TASK STATEMENT:
In the records below, find the line with "Проросшая пшеница: польза" and repeat exactly every line from it through the line with "TEFAL Loft TT7611". Pictures stay out.

ENTRIES PROVIDED:
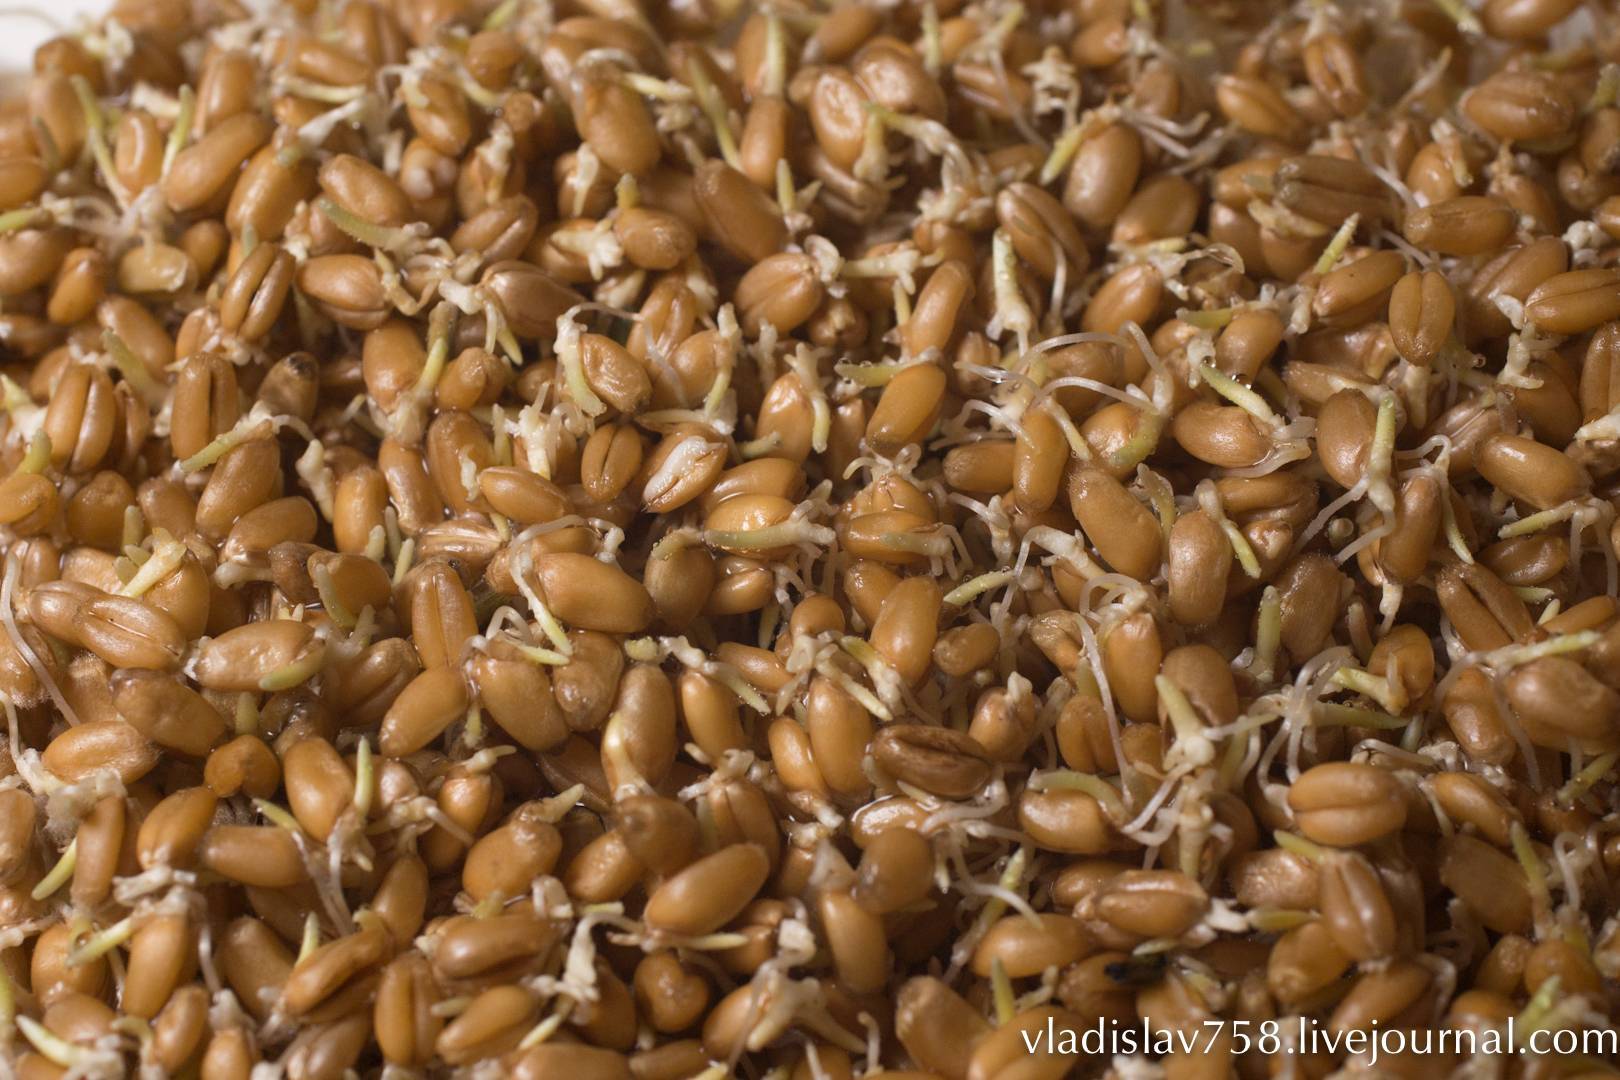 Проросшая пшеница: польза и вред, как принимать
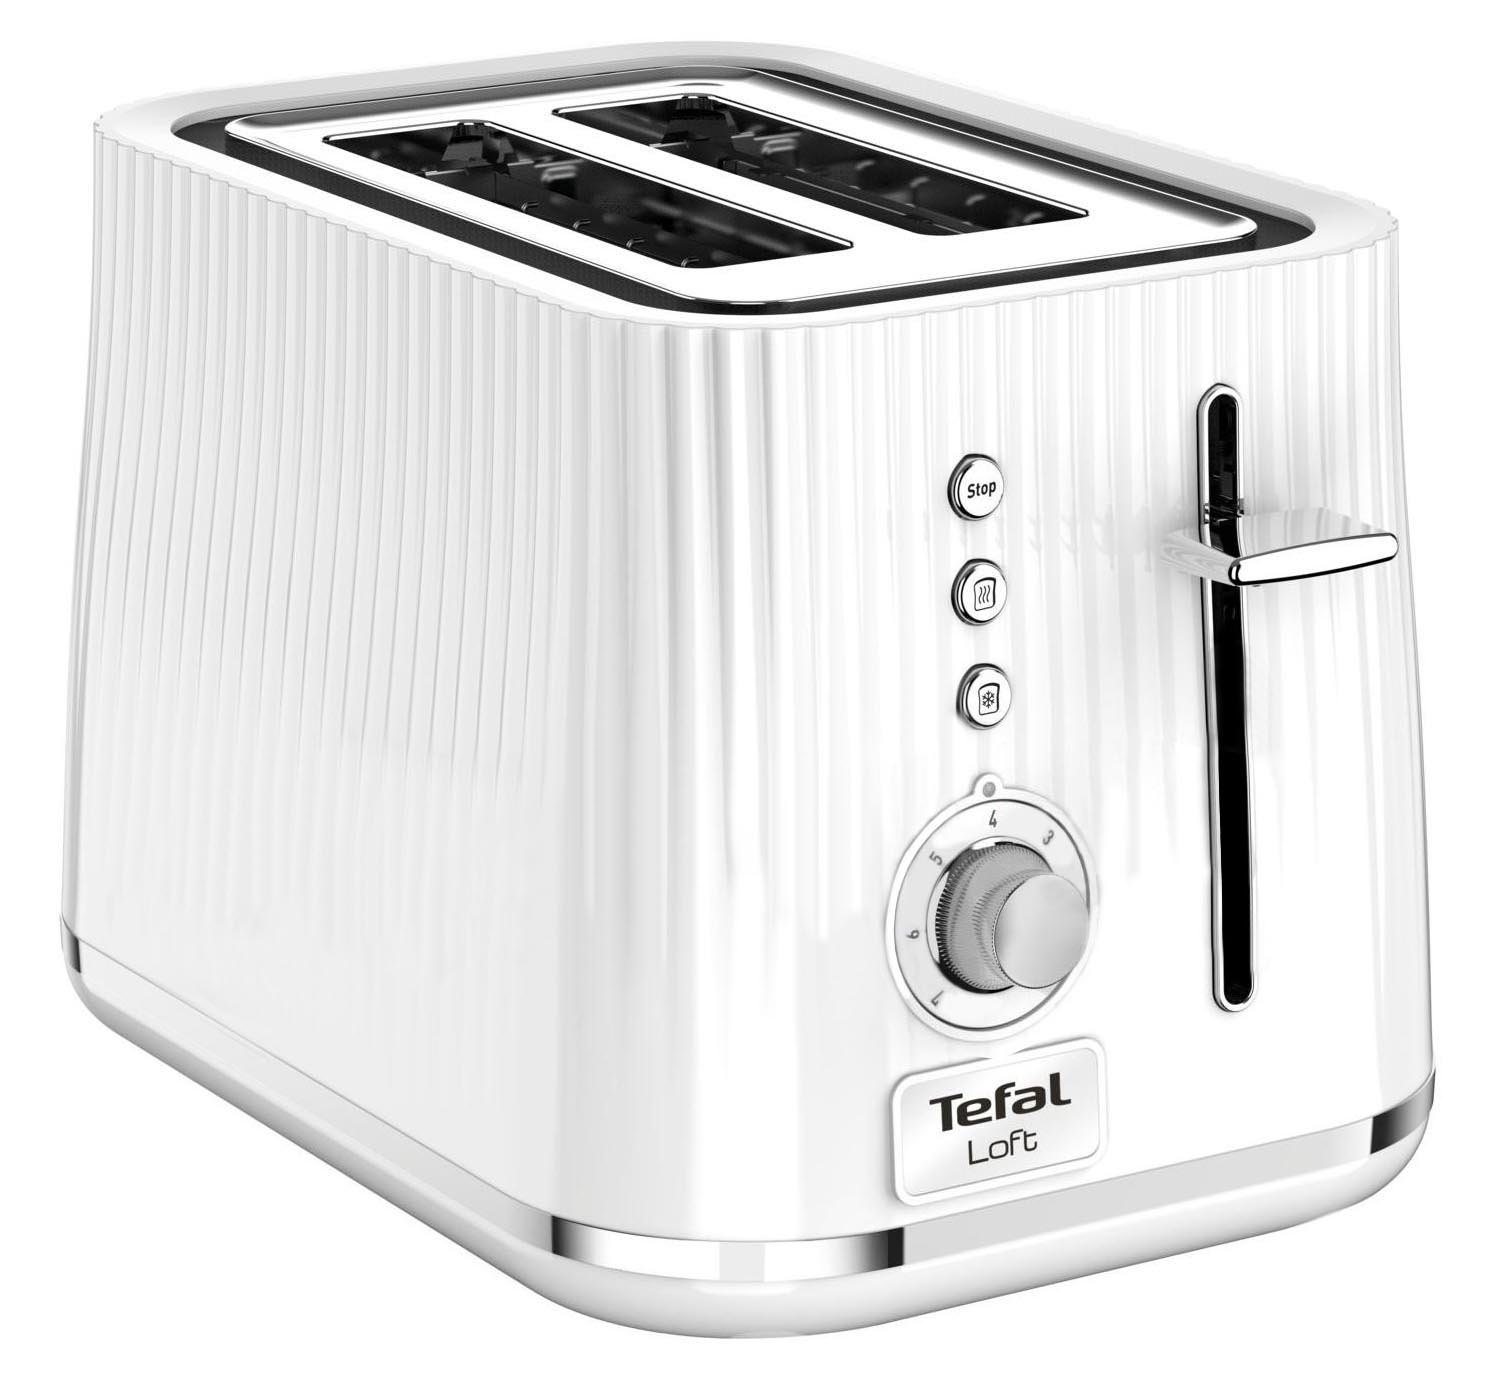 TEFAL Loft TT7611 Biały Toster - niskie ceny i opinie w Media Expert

--

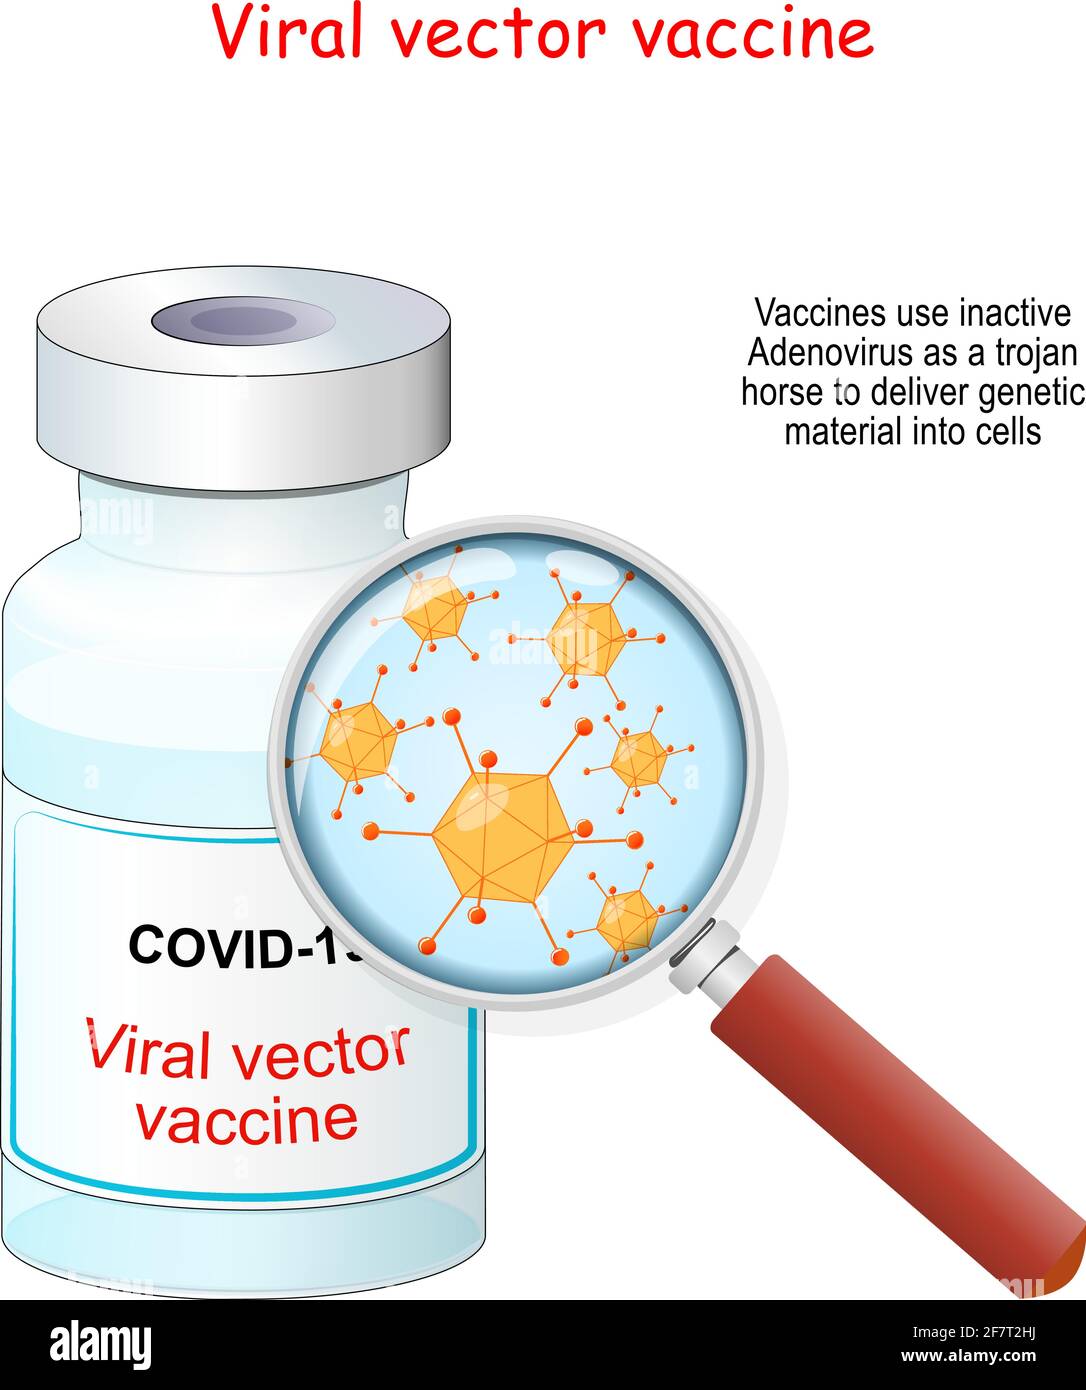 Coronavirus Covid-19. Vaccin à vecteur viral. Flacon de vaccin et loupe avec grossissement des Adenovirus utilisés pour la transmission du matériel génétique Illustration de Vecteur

...

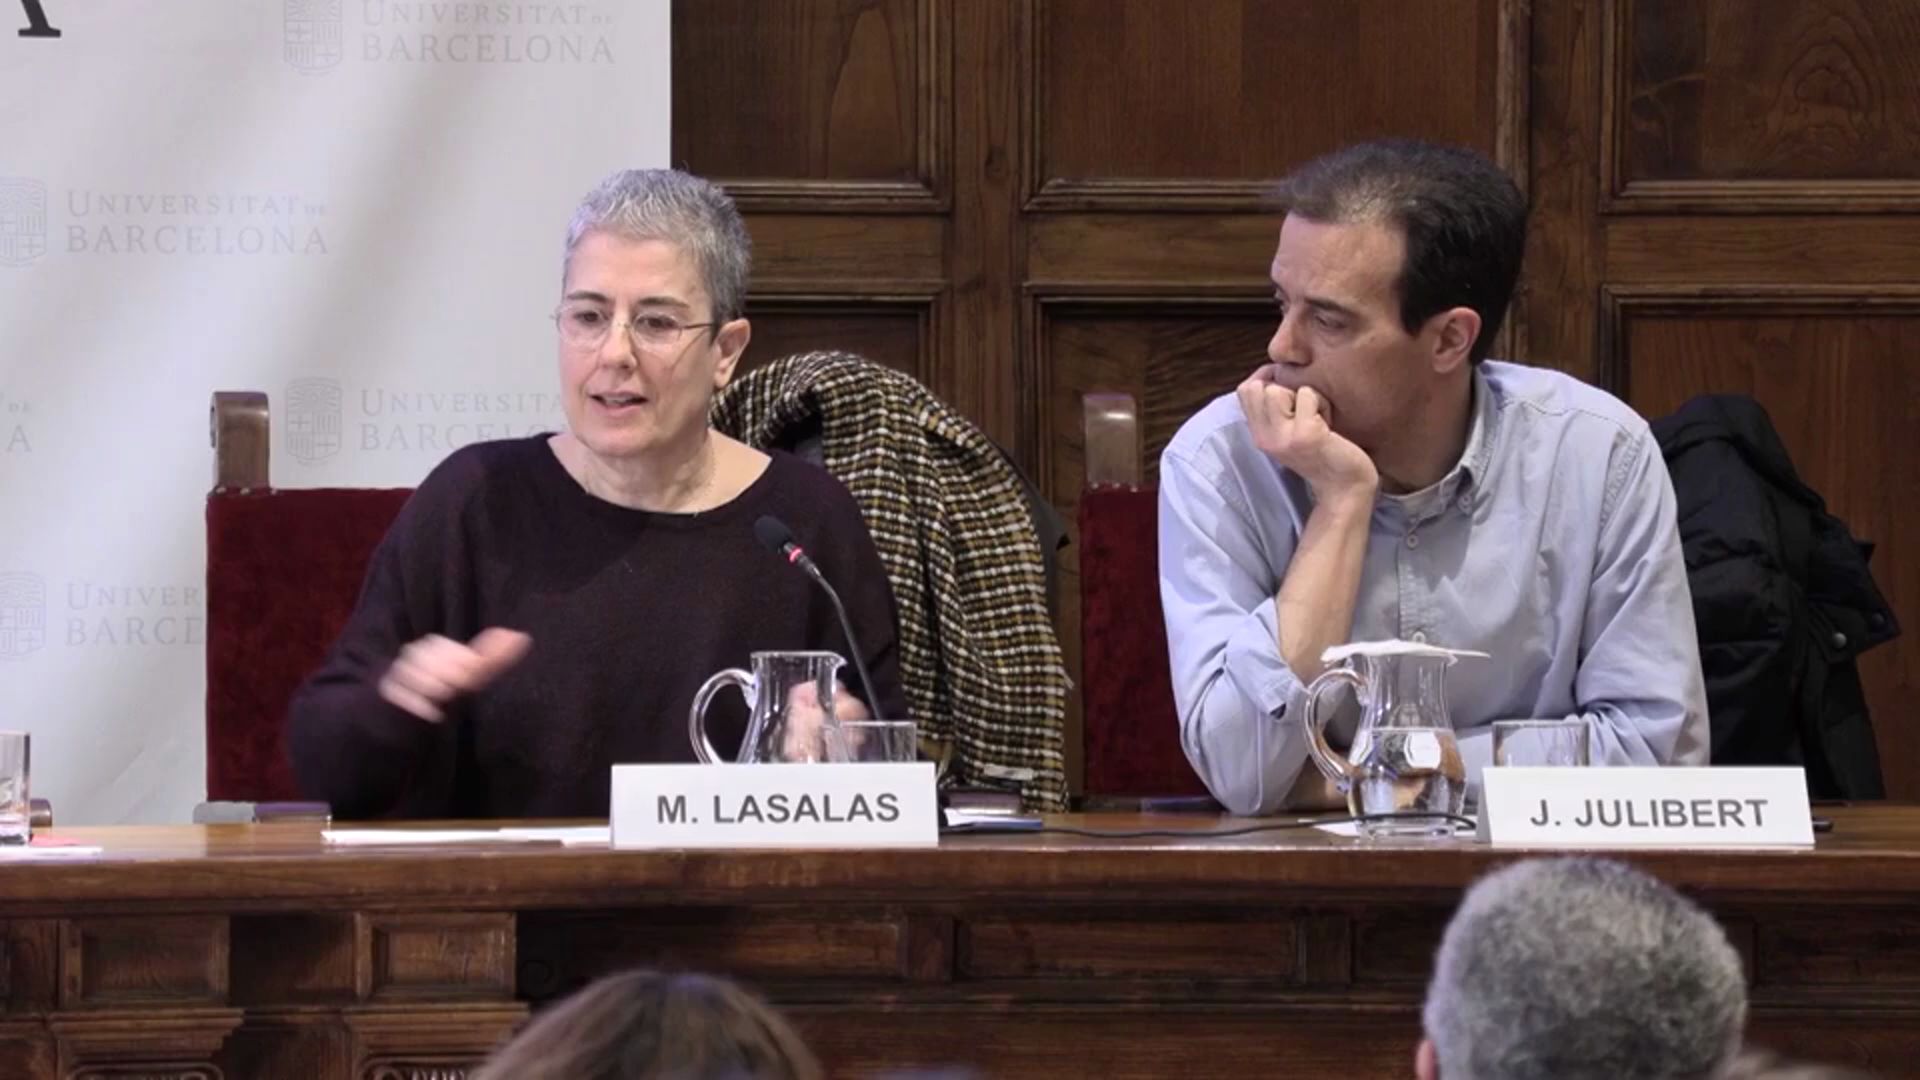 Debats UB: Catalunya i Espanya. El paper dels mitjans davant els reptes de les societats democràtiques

WRITTEN RESPONSE:
 Проросшая пшеница: польза и вред, как принимать
 TEFAL Loft TT7611 Biały Toster - niskie ceny i opinie w Media Expert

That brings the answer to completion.